Task objective
Before you return the lines below, strip out any images and keep every word as written.

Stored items
__________________________________________________

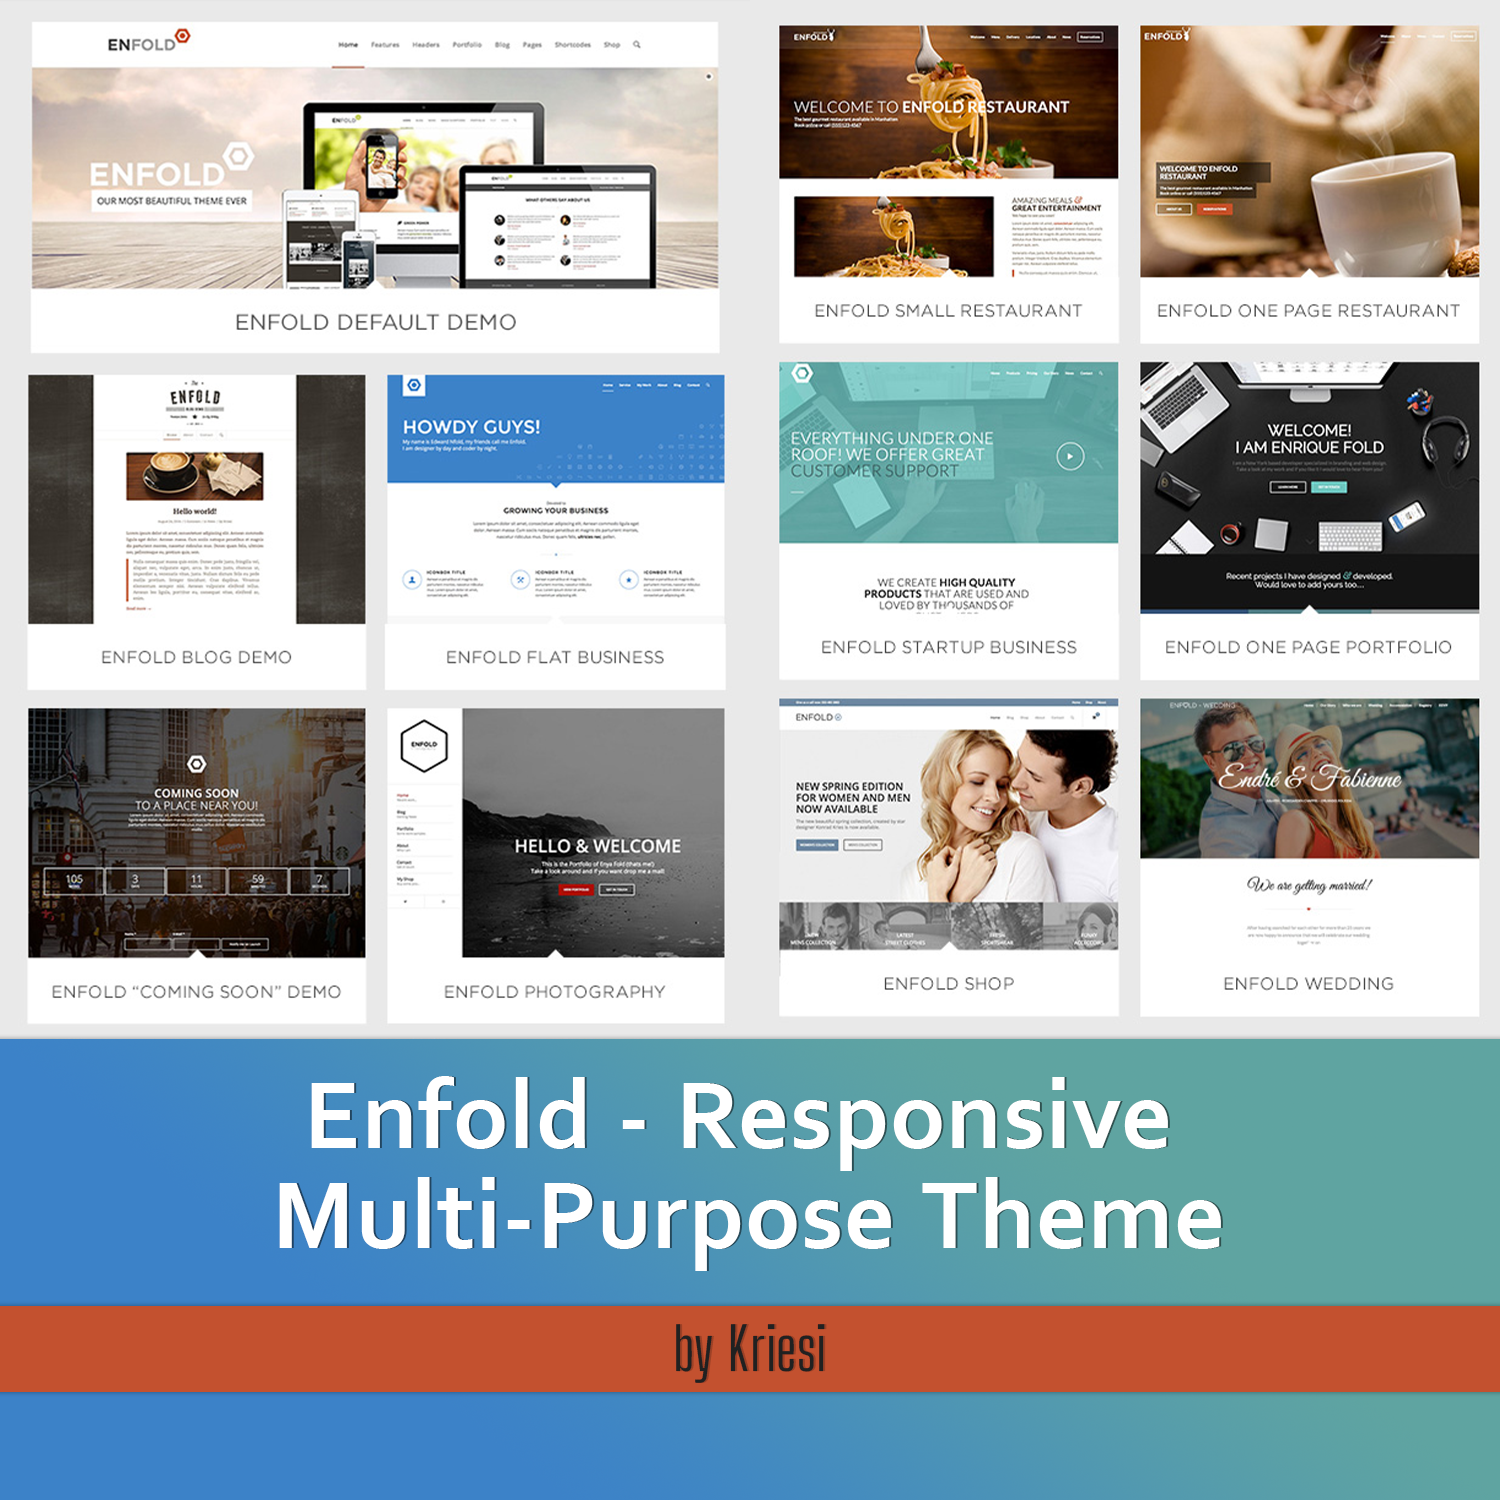 Images with enfold responsive multi purpose theme.
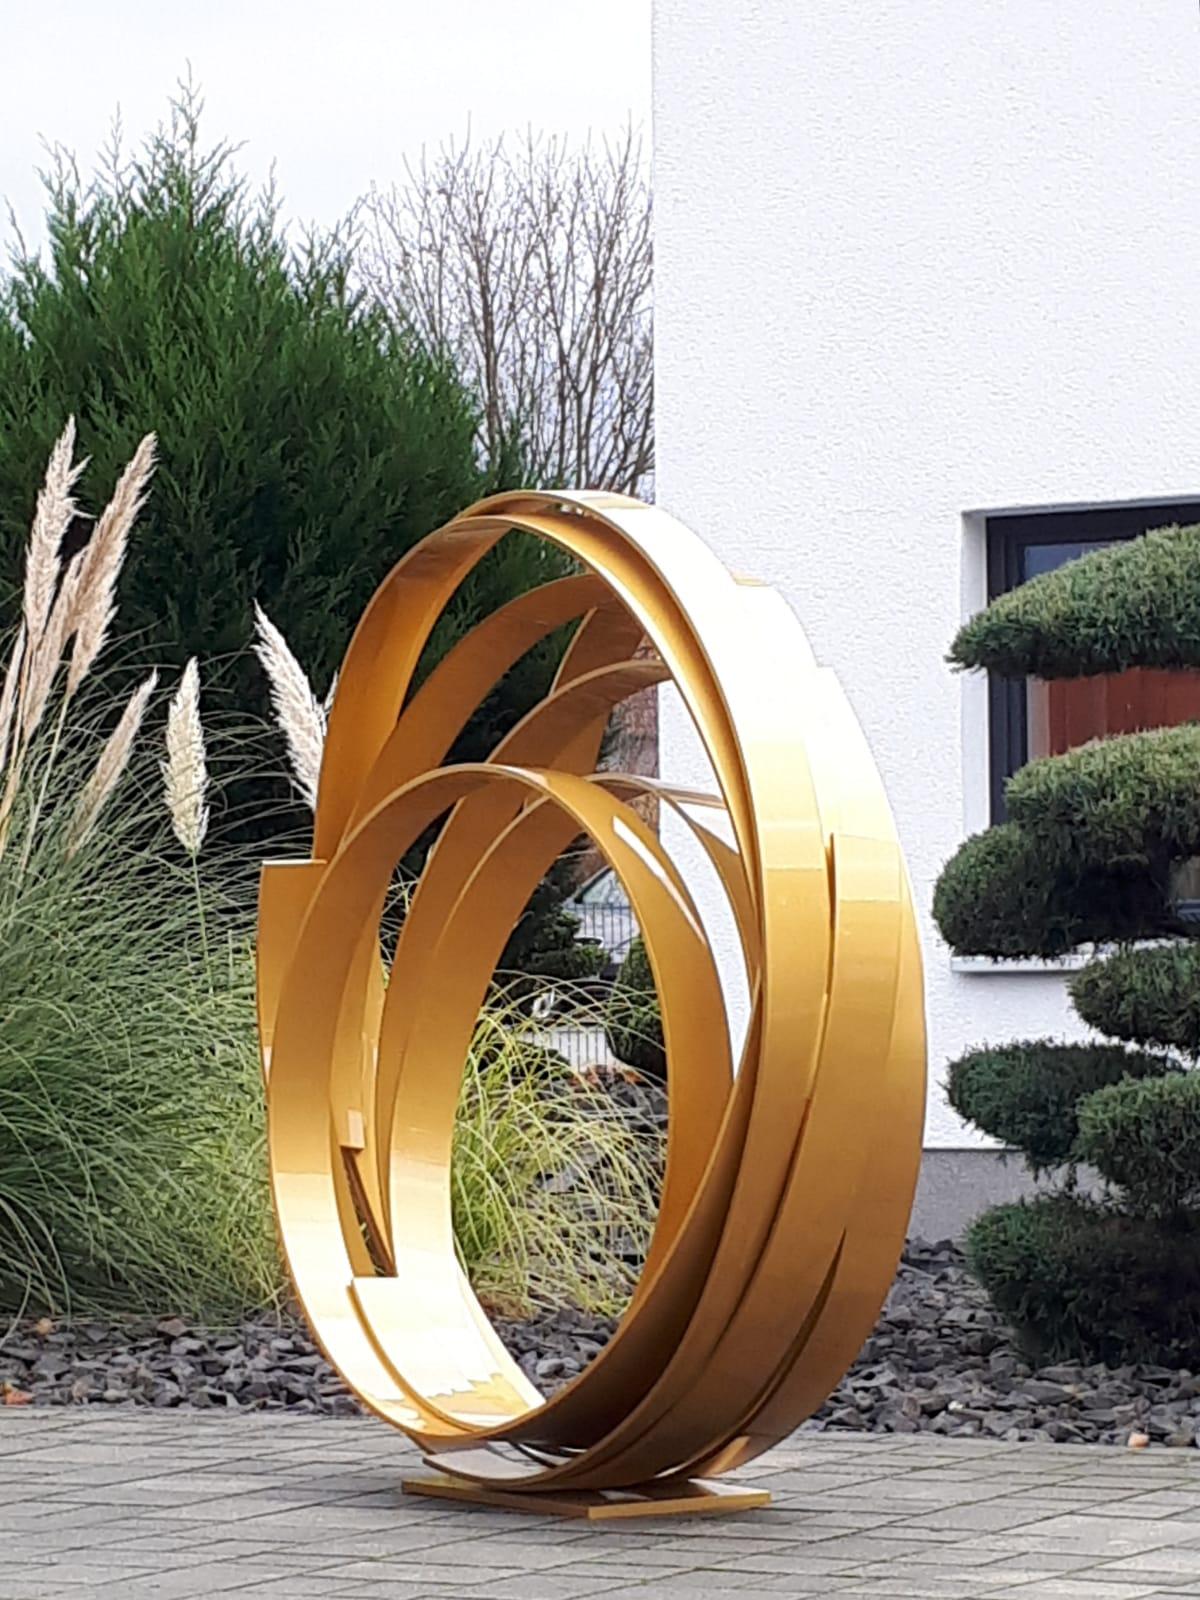 Very large Contemporary powder coated aluminum sculpture for inside or garden outdoor spaces.
Beautiful spiral dancing and intertwining.

This is a large scale outdoor or indoor sculpture made from aluminum and then powder coated in a golden
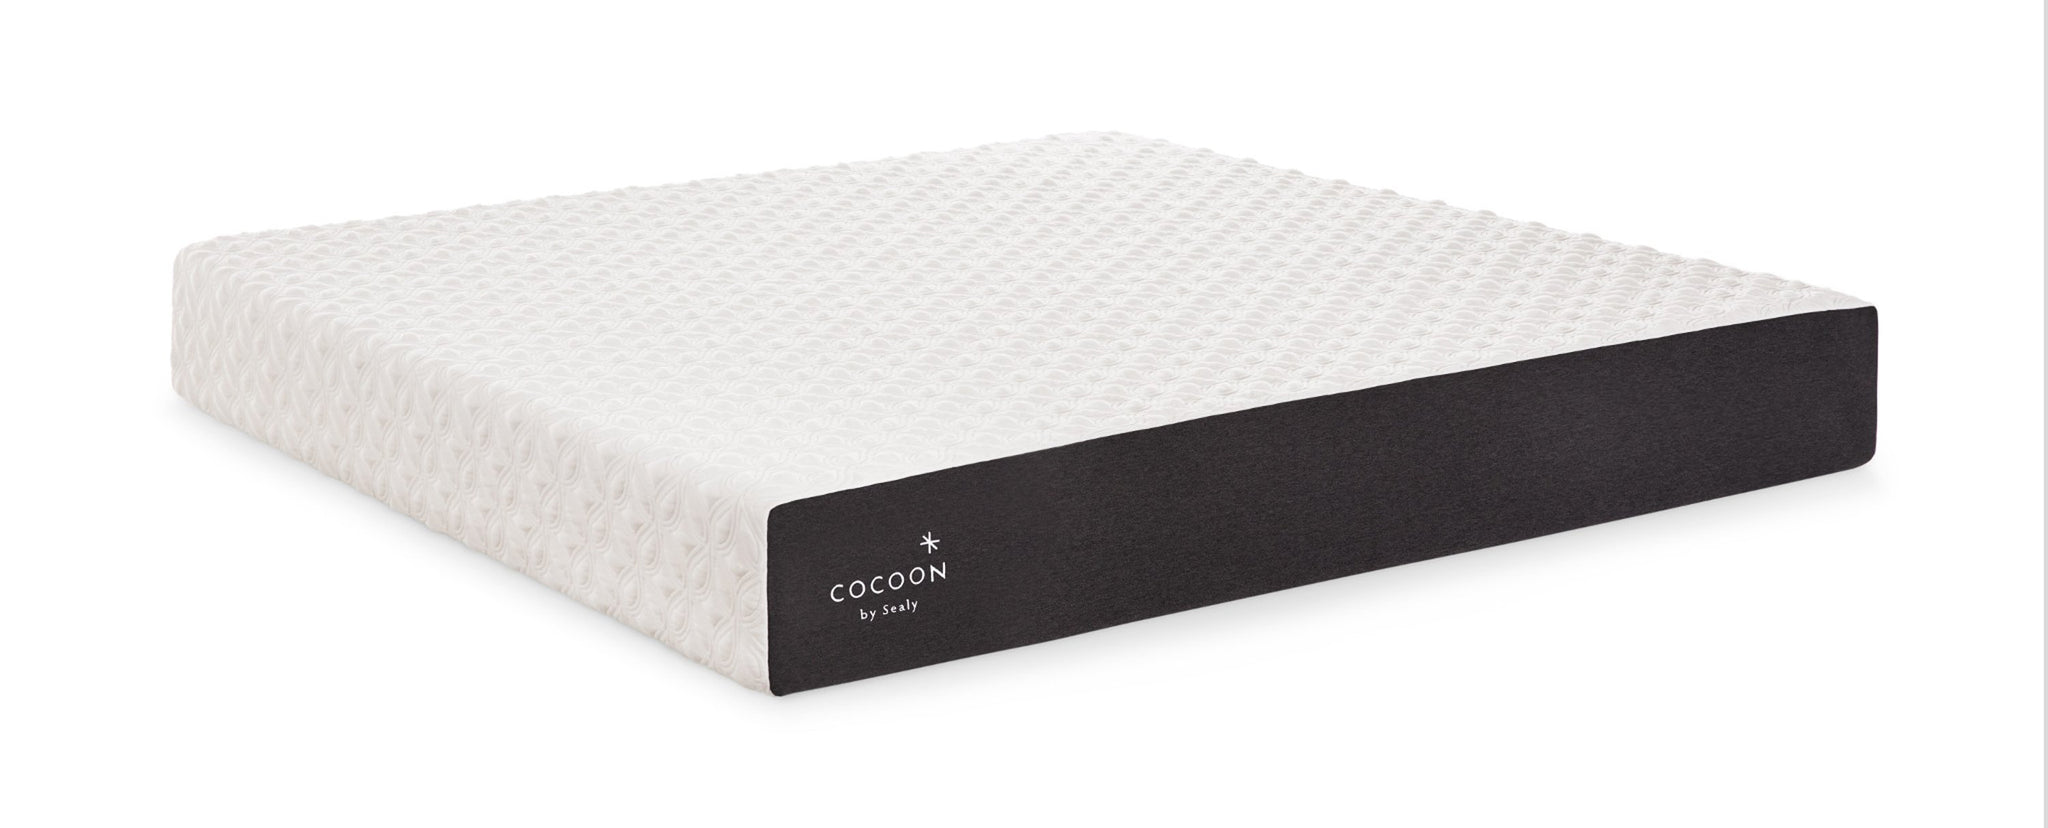 Picture of Cocoon Mattress by Sealy - King - 10" Thickness

__________________________________________________

Written reply
 Images with enfold responsive multi purpose theme.
 Very large Contemporary powder coated aluminum sculpture for inside or garden outdoor spaces.
Beautiful spiral dancing and intertwining.

This is a large scale outdoor or indoor sculpture made from aluminum and then powder coated in a golden
 Picture of Cocoon Mattress by Sealy - King - 10" Thickness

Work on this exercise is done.